As indicated previously, components of an information processing system as disclosed herein can be implemented at least in part in the form of one or more software programs stored in memory and executed by a processor of a processing device. For example, at least portions of the functionality of one or more elements of the datacenter 110 as disclosed herein are illustratively implemented in the form of software running on one or more processing devices.

It should again be emphasized that the above-described embodiments are presented for purposes of illustration only.
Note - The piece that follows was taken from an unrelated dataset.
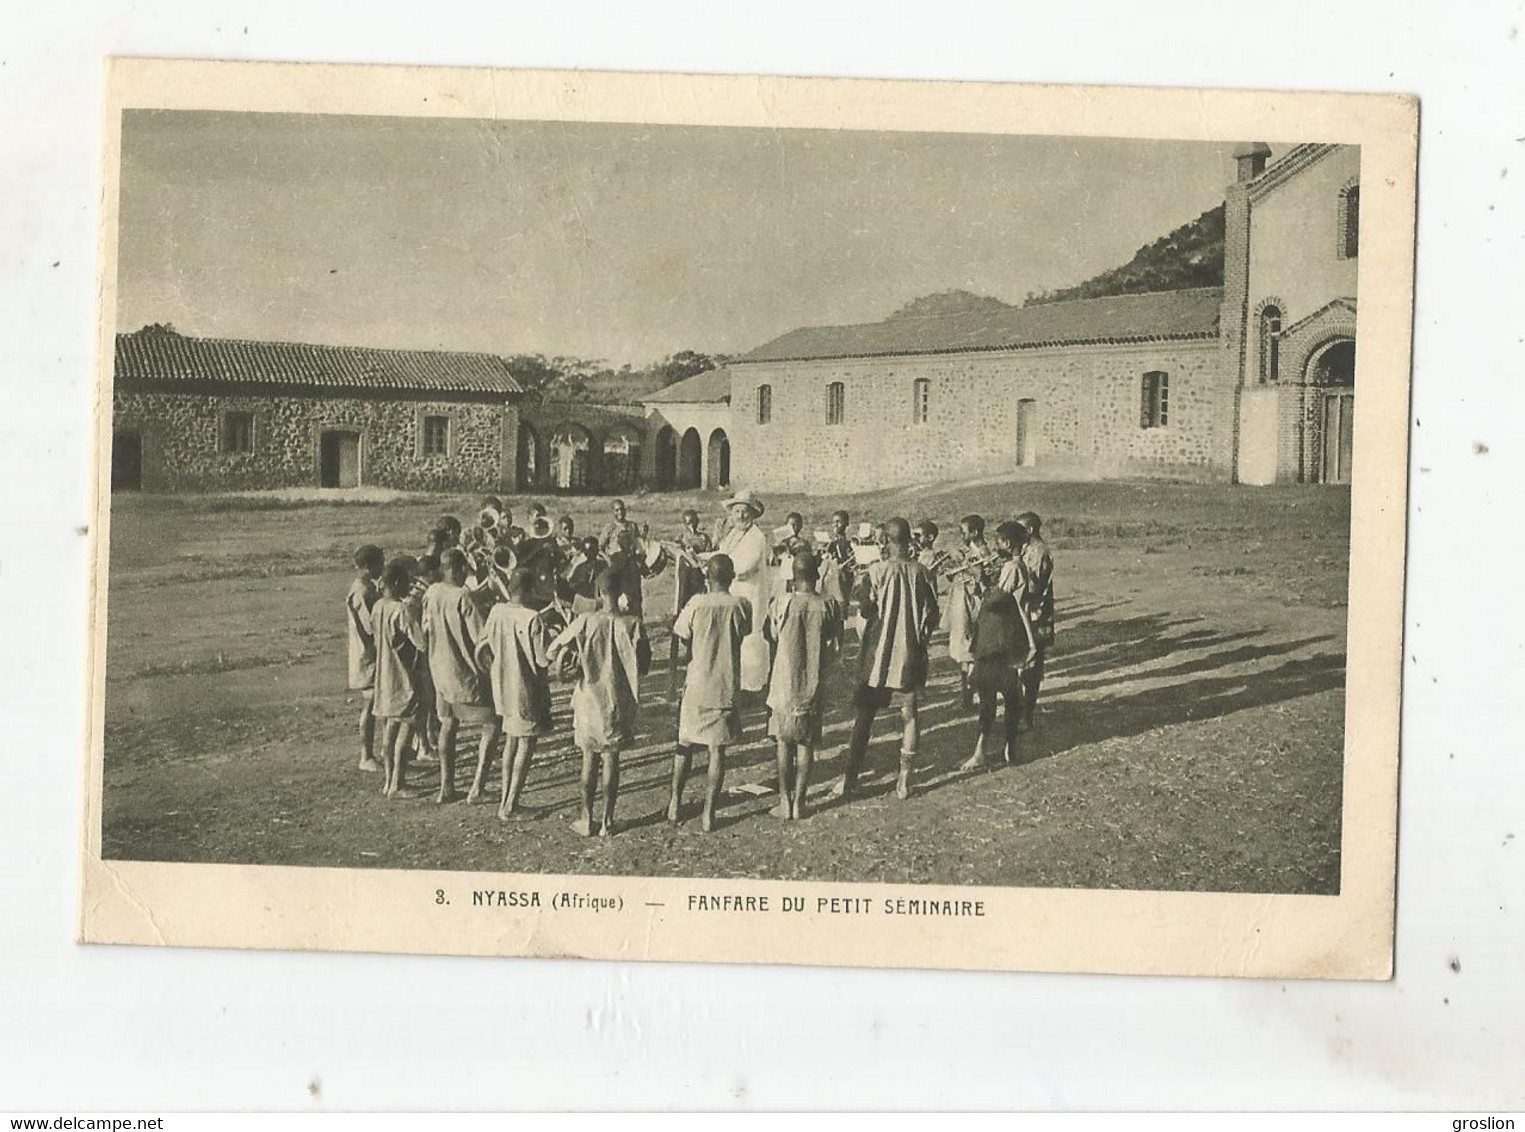 NYASSA (AFRIQUE) 3 FANFARE DU PETIT SEMINAIRE (BELLE ANIMATION)  1946 - Mozambique

Many variations and other alternative embodiments may be used. For example, the disclosed techniques are applicable to a wide variety of other types of information processing systems and datacenters. Also, the particular configurations of system and device elements and associated processing operations illustratively shown in the drawings can be varied in other embodiments. Moreover, the various assumptions made above in the course of describing the illustrative embodiments should also be viewed as exemplary rather than as requirements or limitations of the disclosure. Numerous other alternative embodiments within the scope of the appended claims will be readily apparent to those skilled in the art.